The overall workflow for this project first defines a gym environment based on the desired scan path, then performs Proximal Policy Optimization to derive a suitable control policy based on the environment. This is done through the following:

Overview

  • EagarTsaiModel.py: implements the RUSLS solution to the Rosenthal equation, as proposed by Wolfer et al.
  • power_square_gym.py, power_triangle_gym.py, velocity_square_gym.py, velocity_triangle_gym.py: Defines custom gym environments for the respective scan paths and control variables. square is used as shorthand for the predefined horizontal cross-hatching path and triangle is used as shorthand for the predefined concentric triangular path.
  • RL_learn_square.py, RL_learn_triangle.py performs Proximal Policy Optimization on the respective scan paths, with command line arguments to change which control parameter is varied.
  • evaluate_learned_policy.py runs a derived control policy on a specific environment. The environment is specified using command line arguments detailed below.

Testing a trained model

To test a trained model on a specific combination of scan path and control parameter, enter this command:

python evaluate_learned_policy.py --path [scan_path] --param [parameter]

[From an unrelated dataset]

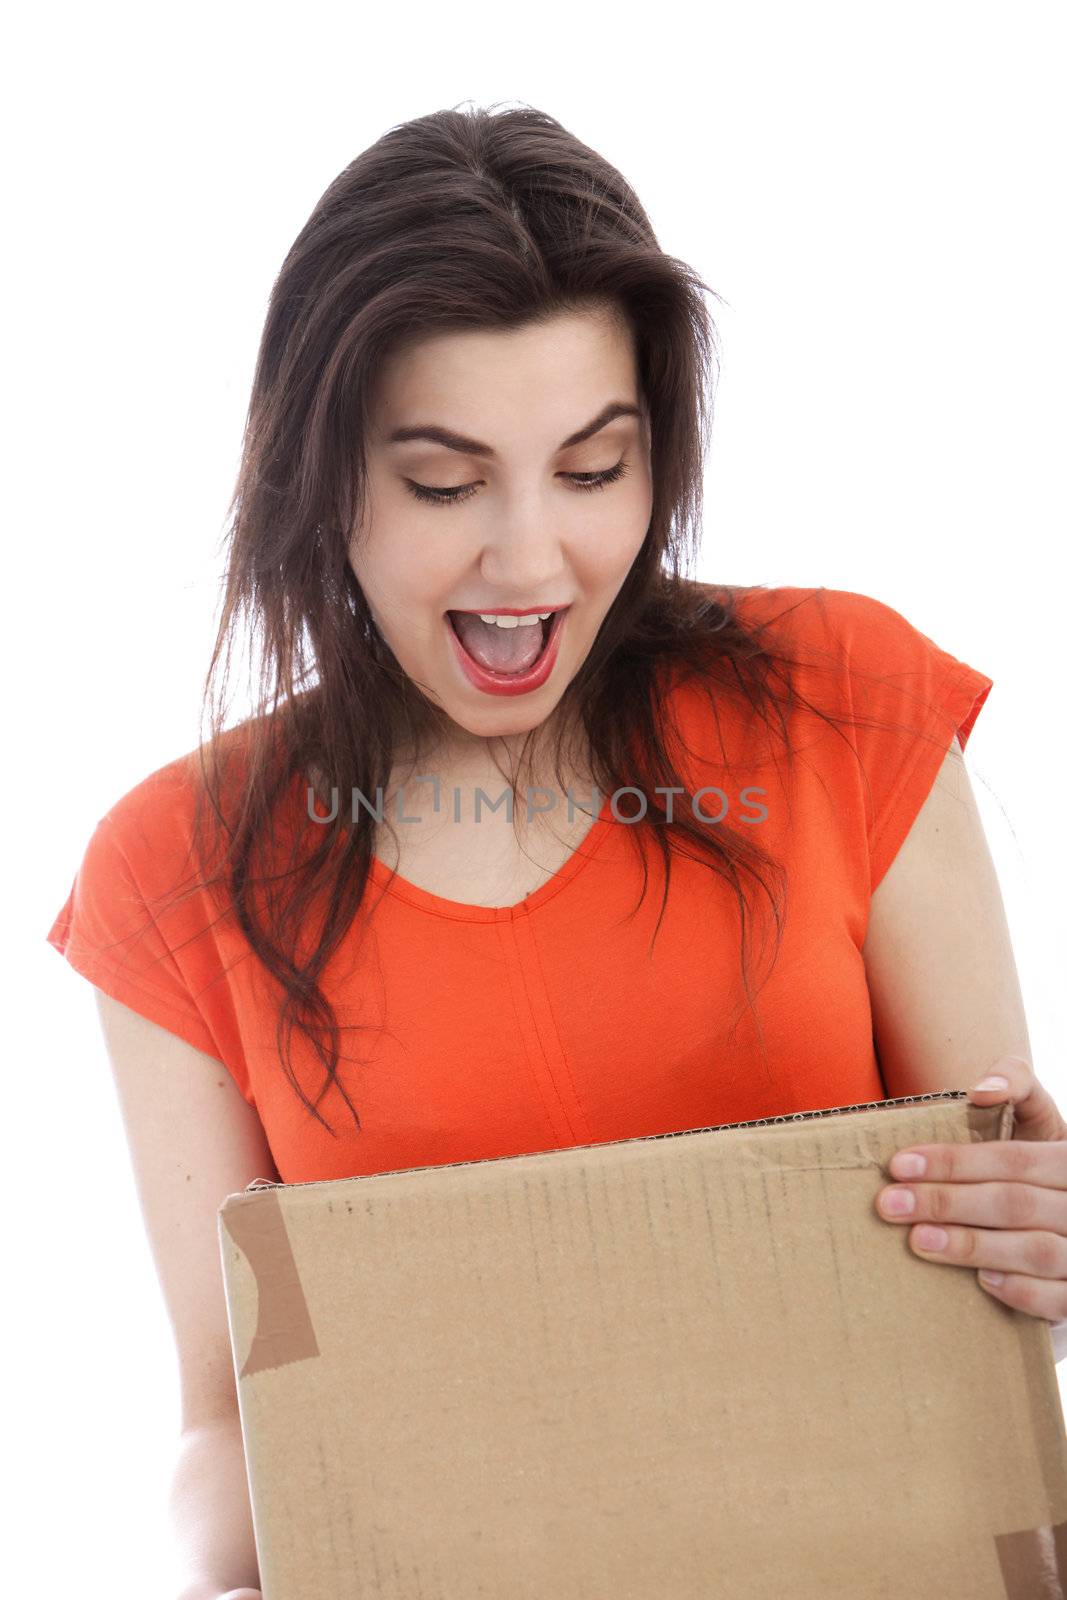 Surprised Caucasian young woman holding a cardboard box, portrait

Note: [scan_path] should be replaced by square for the horizontal cross-hatching scan path and triangle for the concentric triangular path. [parameter] should be replaced by power to specify power as a control parameter, and velocity to specify velocity as a control parameter.

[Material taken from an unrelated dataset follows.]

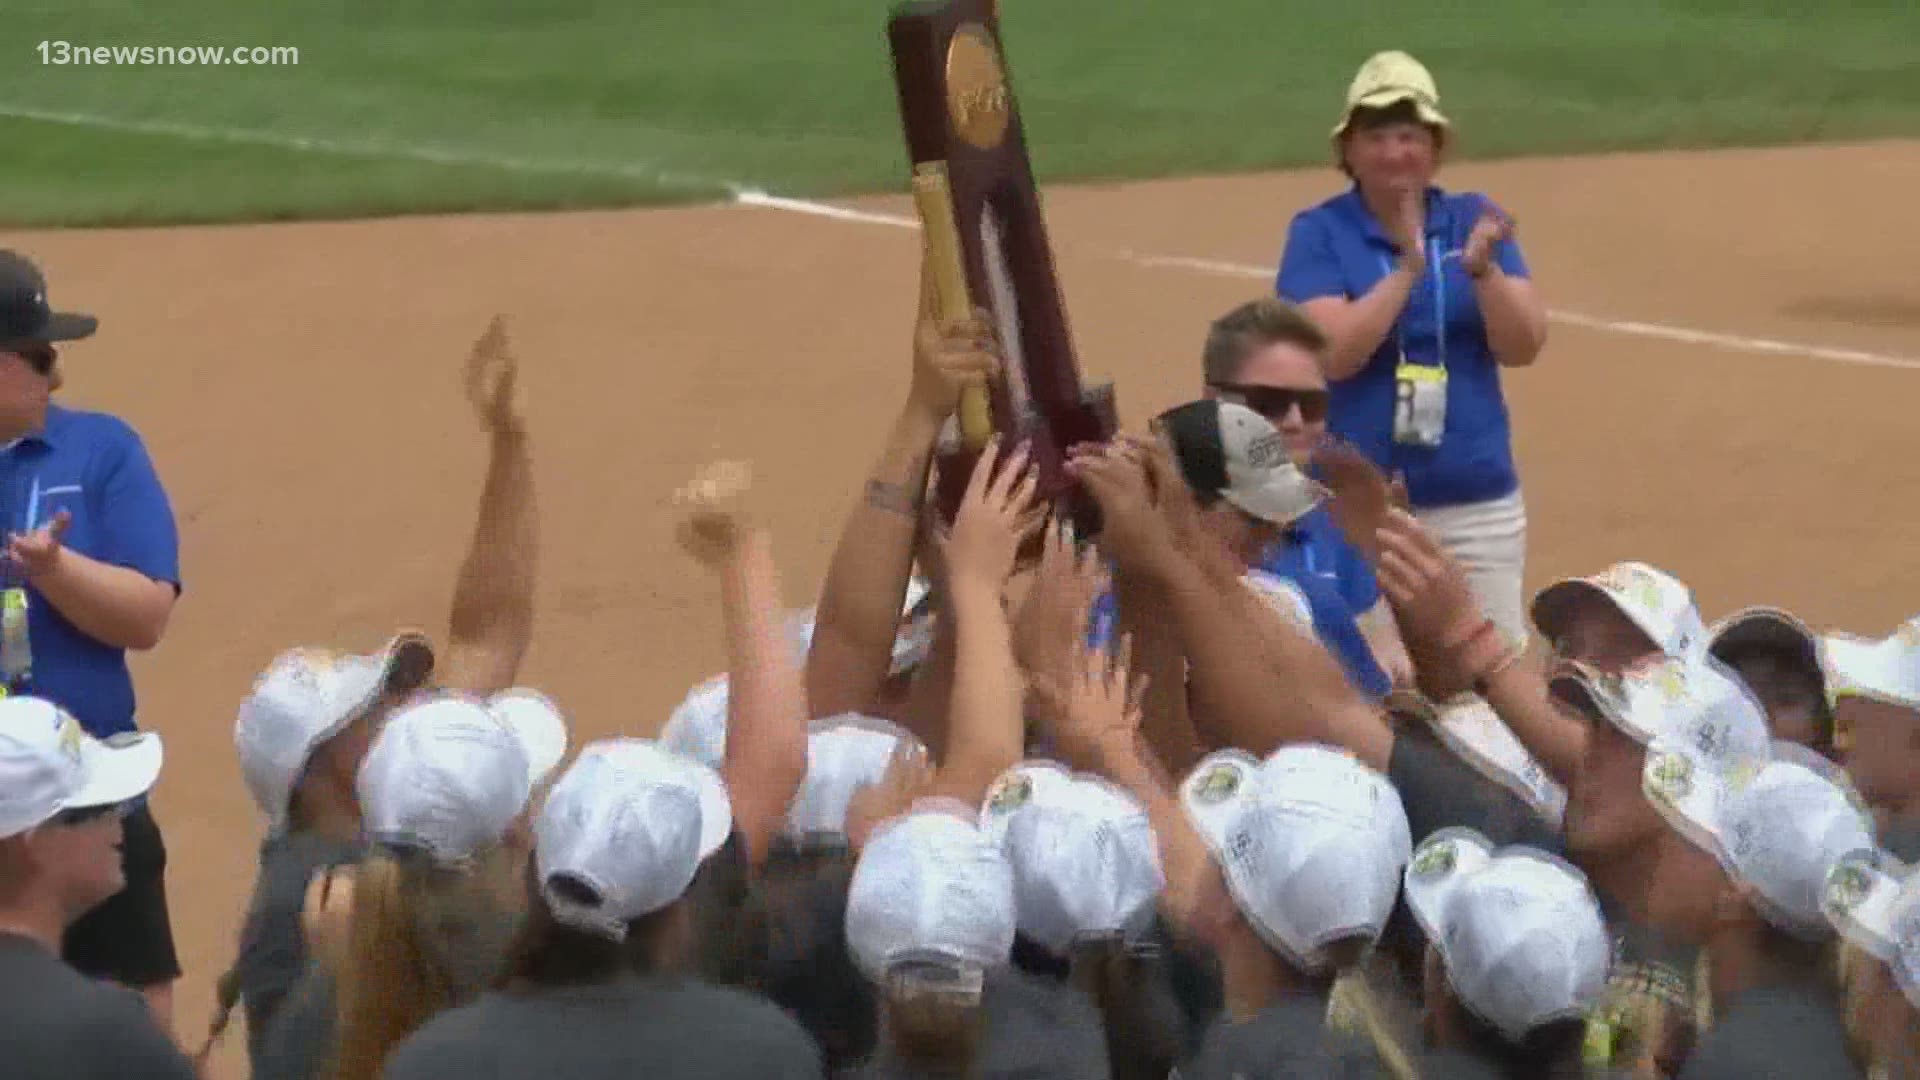 The Marlins captured their third Division III national title in softball

Upon running this command, you will be prompted to enter the path to the .zip file for the trained model.

Once the evaluation is complete, the results are stored in the folder results/[scan_path]_[parameter]_control/. This folder will contain plots of the variation of the melt depth and control parameters over time, as well as their raw values for later analysis.

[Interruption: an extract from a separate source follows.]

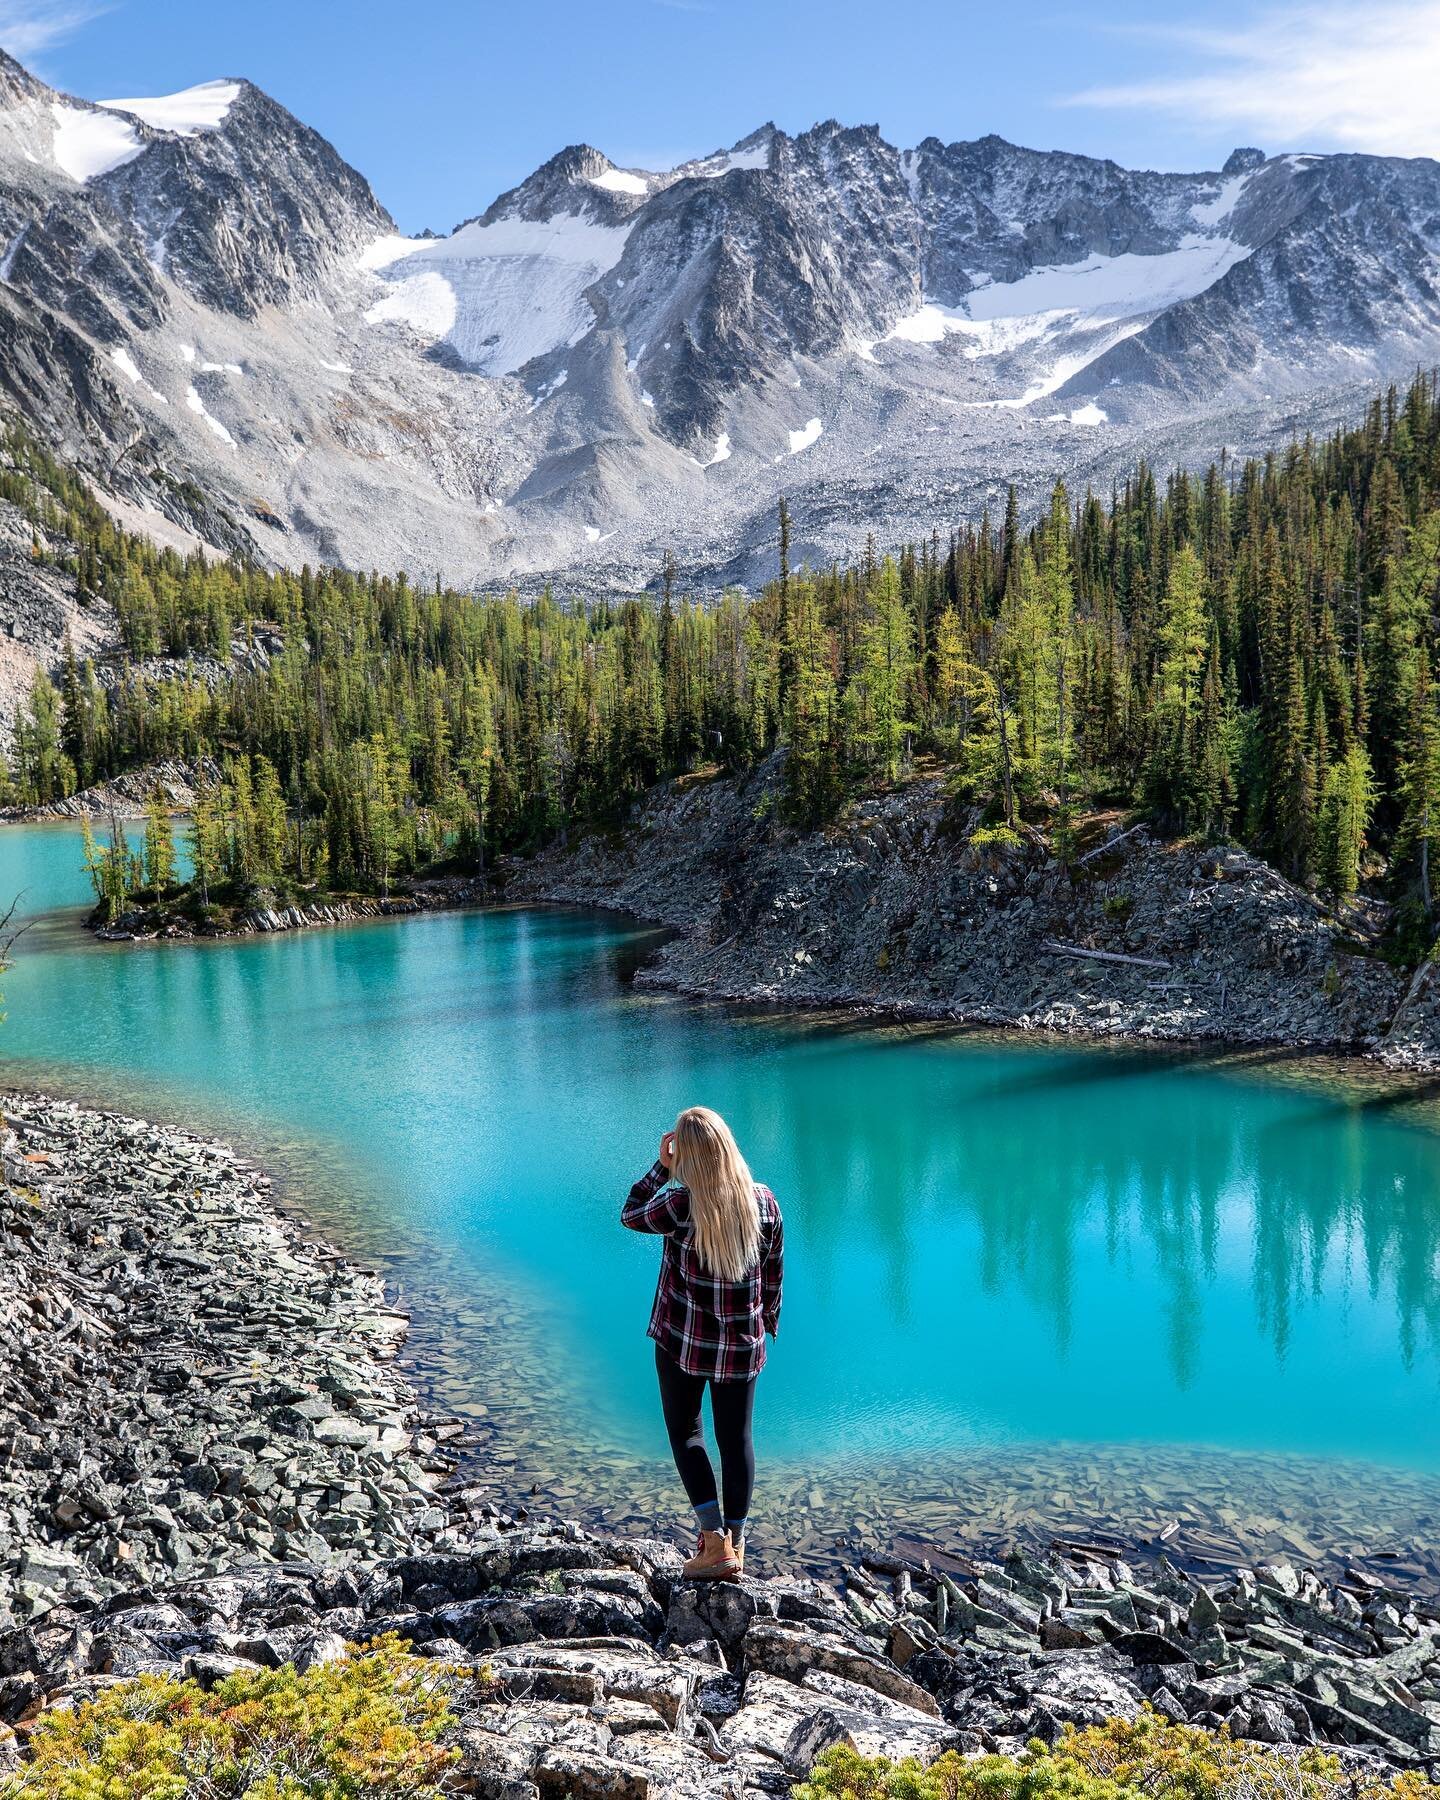 I can&rsquo;t believe it&rsquo;s already March 1st! The month that felt like it lasted forever last year has arrived and with it a week of very springlike temperatures in the Rockies. So naturally although still a few months away, summer adventures a

Pre-trained models for each of the four possible combinations of scan path and control parameter can be found in pretrained_models.

Training a new model

In order to train a new model based on the predefined horizontal cross-hatching scan path, enter the command:

python RL_learn_square.py --param [parameter]

Here, [parameter] should be replaced by the control parameter desired. The possible options are power and velocity.

The process is similar for the predefined concentric triangular scan path. To train a new model, enter the command:

python RL_learn_triangle.py --param [parameter]

Again, [parameter] should be replaced by the control parameter desired. The possible options are power and velocity.

During training, intermediate model checkpoints will be saved at

training_checkpoints/ppo_[scan_path]_[parameter]/best_model.zip

At the conclusion of training, the finished model is stored at

trained_models/ppo_[scan_path]_[parameter].zip

Defining a custom domain

Changing the powder bed features

In order to define a custom domain for use with a different problem configuration, the EagarTsaiModel.py file should be edited directly. Within the EagarTsai() class instantiation, the thermodynamic properties and domain dimensions can be specified. Additionally, the resolution and boundary conditions can be provided as arguments to the EagarTsai class. bc = 'flux' and bc = 'temp' implements an adiabatic and constant temperature boundary condition respectively.

Changing the scan path

A new scan path can be defined by creating a new custom gym environment, and writing a custom step() function to represent the desired scan path, similar to the [parameter]_[scan_path]_gym.py scripts in this repository. Considerations for both how the laser moves during a single segment and the placement of each segment within the overall path should be described in this function. More detail on the gym framework for defining custom environments can be found here.

Monitoring the training process with TensorBoard

Tensorboard provides resources for monitoring various metrics of the PPO training process, and can be installed using pip install tensorboard. To open the tensorboard dashboard, enter the command:

tensorboard --log_dir ./tensorboard_logs/ppo_[scan_path]_[parameter]/ppo_[scan_path]_[parameter]_[run_ID]

Tensorboard log files are periodically saved during training, with information on cumulative reward as well as various loss metrics.